In addition to these many tangible research skills and laboratory techniques, it was in this job I first developed a truer understanding of research science. My appreciation deepened for the process analytical thinking, the meaning of experiments and logical reasoning based on empirical facts as more than the process of carrying out scientific work under direction.
In this job I was boldly challenged to relearn my approach to scientific research. I had been guilty of trying to impose my theories which weren’t quite correct onto real chemical systems; and I struggled to move forward. A great coworker sat me down and said these results you keep getting are empirical facts. You must reevaluate your hypothesis. It must be consistent with your experimental results, or else your hypothesis must be set aside.

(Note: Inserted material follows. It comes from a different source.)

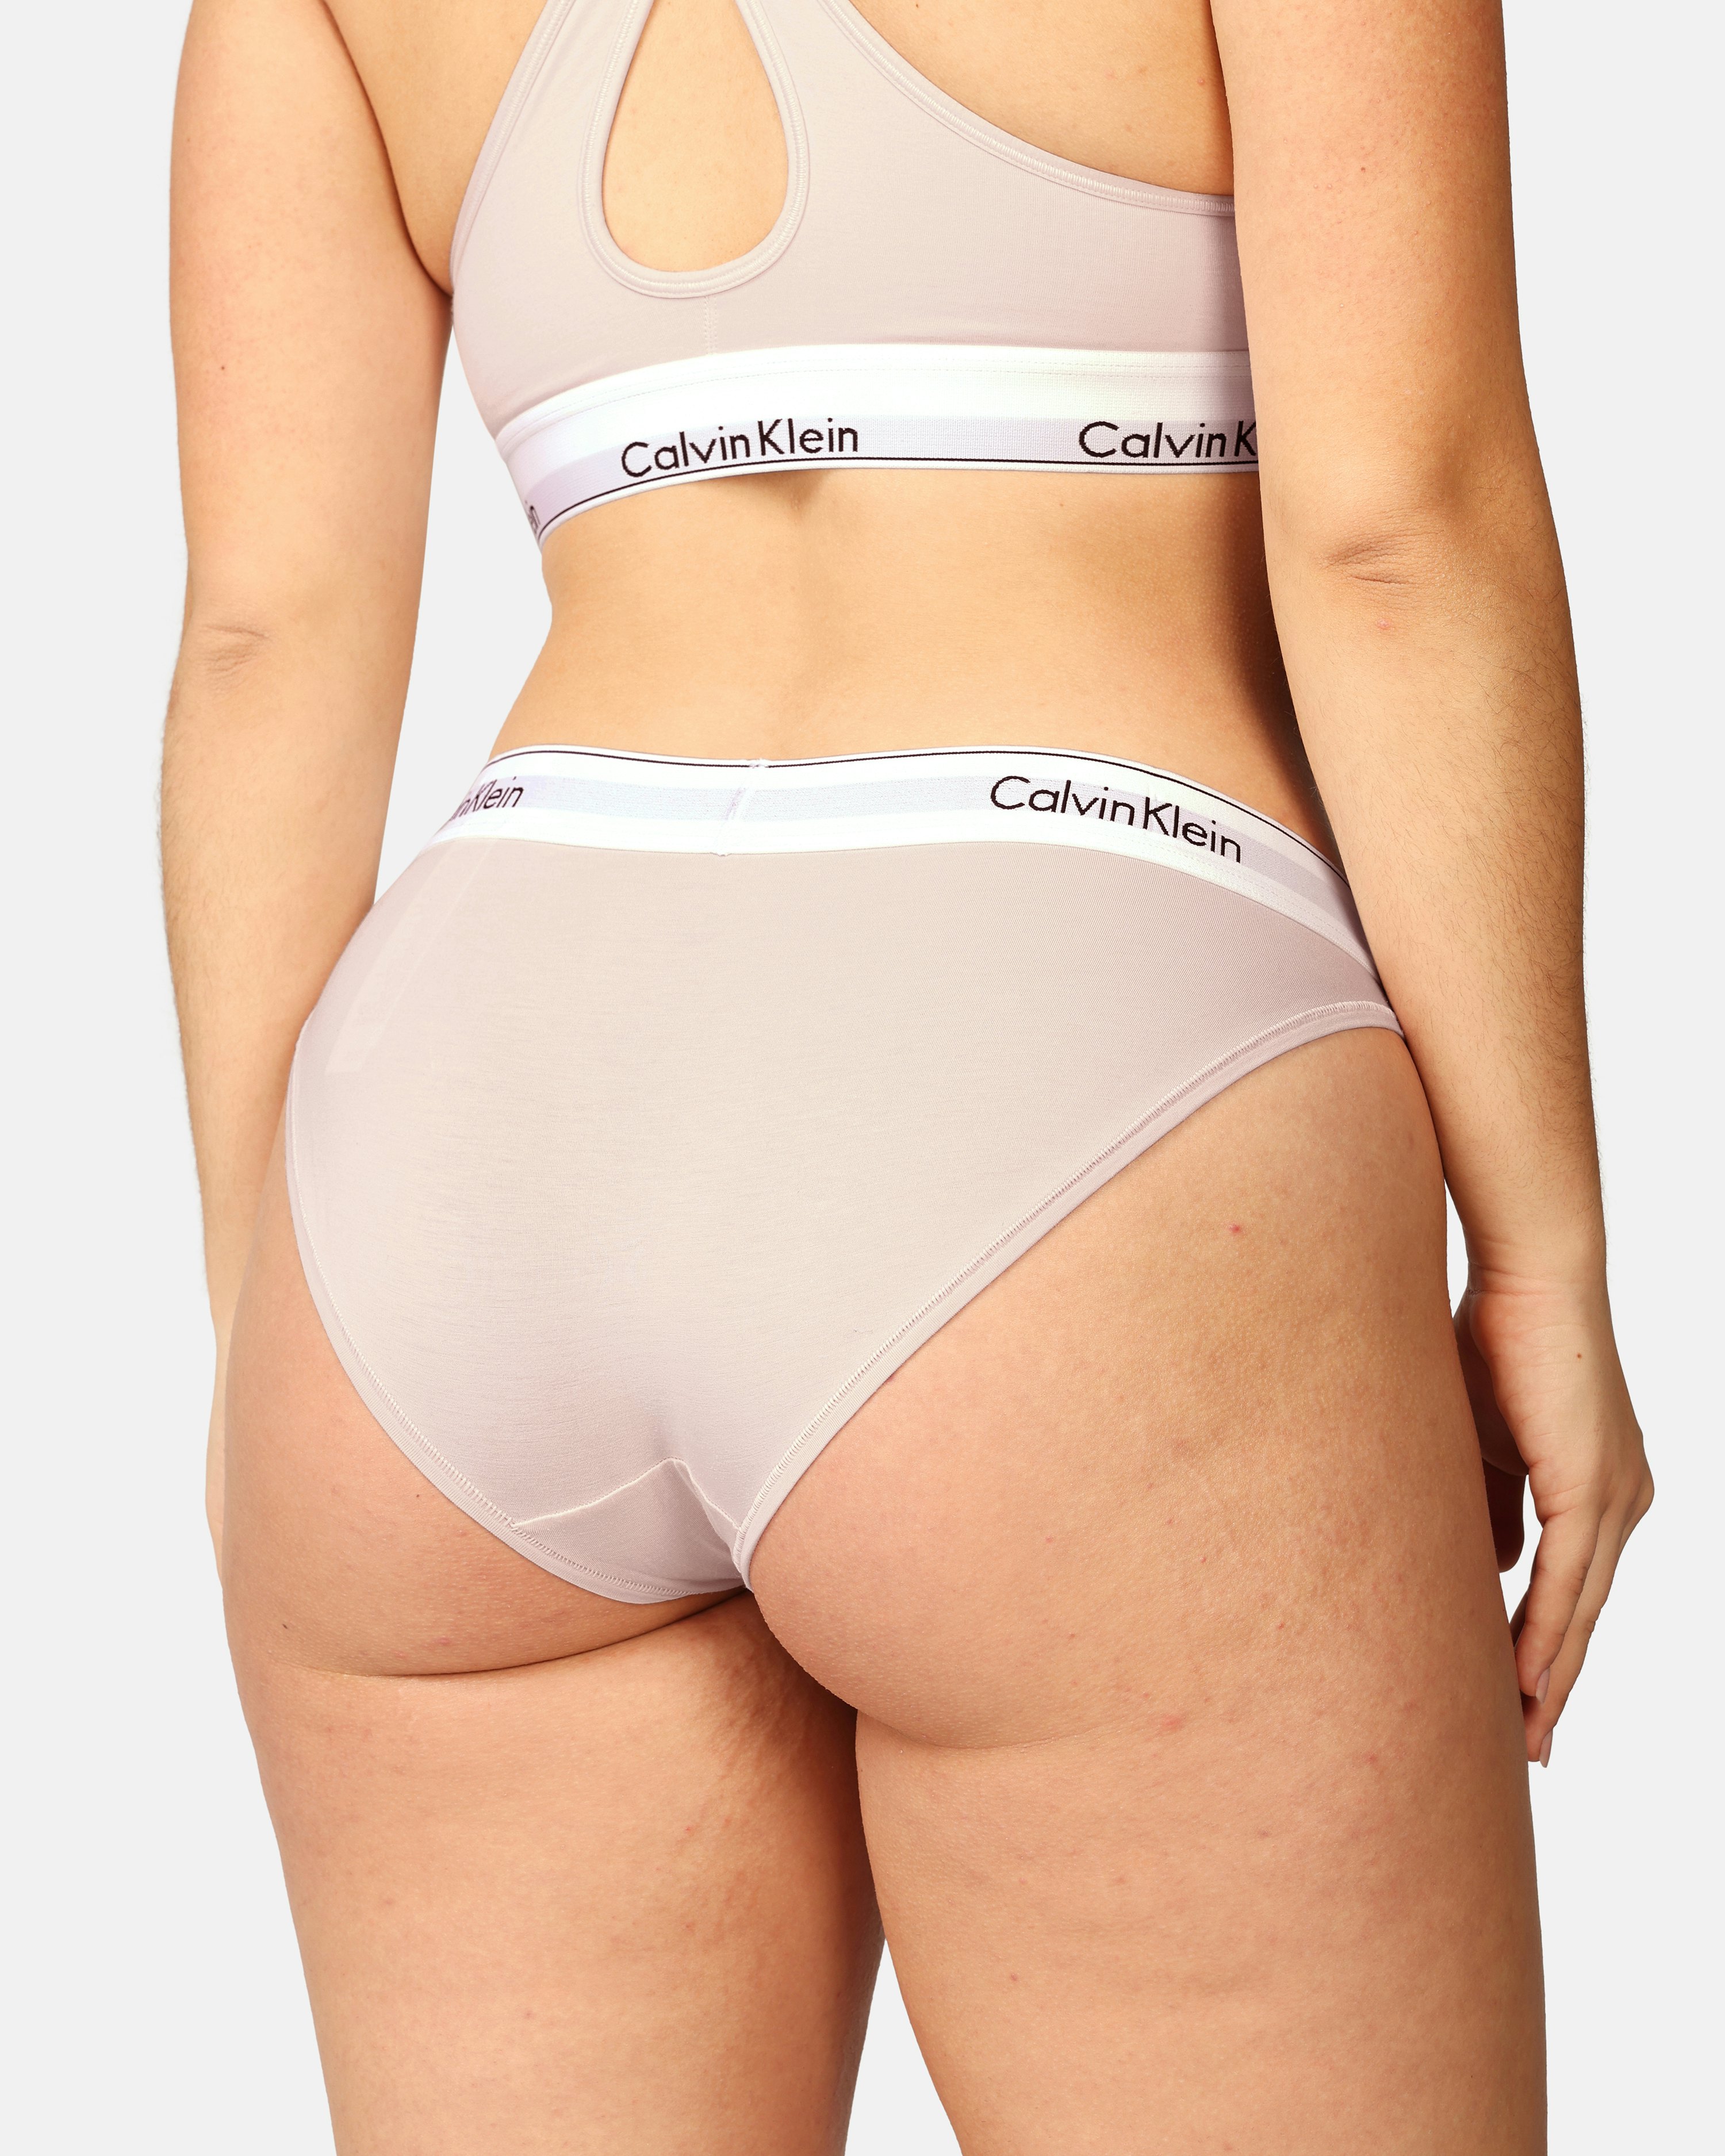 Authentic Goods Davao - Calvin Klein Underwear Php 750 only per

It was a difficult lesson to learn, but it was very liberating. I would distill the lesson to this: before you set about any experiment you must consider the possible results, A or B for example. For the experiment to be meaningful, you must be able to articulate to yourself what it means to obtain result A and what it means to obtain result B. This is an essential exercise as part of any experimental planning, though I find it is often overlooked. It requires thought experimenting, and it’s tricky. Furthermore, it may seem too self-evident to bother with stating. The trap there is we reflexively go into testing mode, using resources and taking up our attention, without quite knowing precisely how this test contributes to the project as a whole.
Recent past
I’m in the process of writing this section. Please check back soon to learn the recent past of your chemist consultant. Thank you for reading about my early career. Please contact me and let me know what else you’re interested in knowing about my R&D experience.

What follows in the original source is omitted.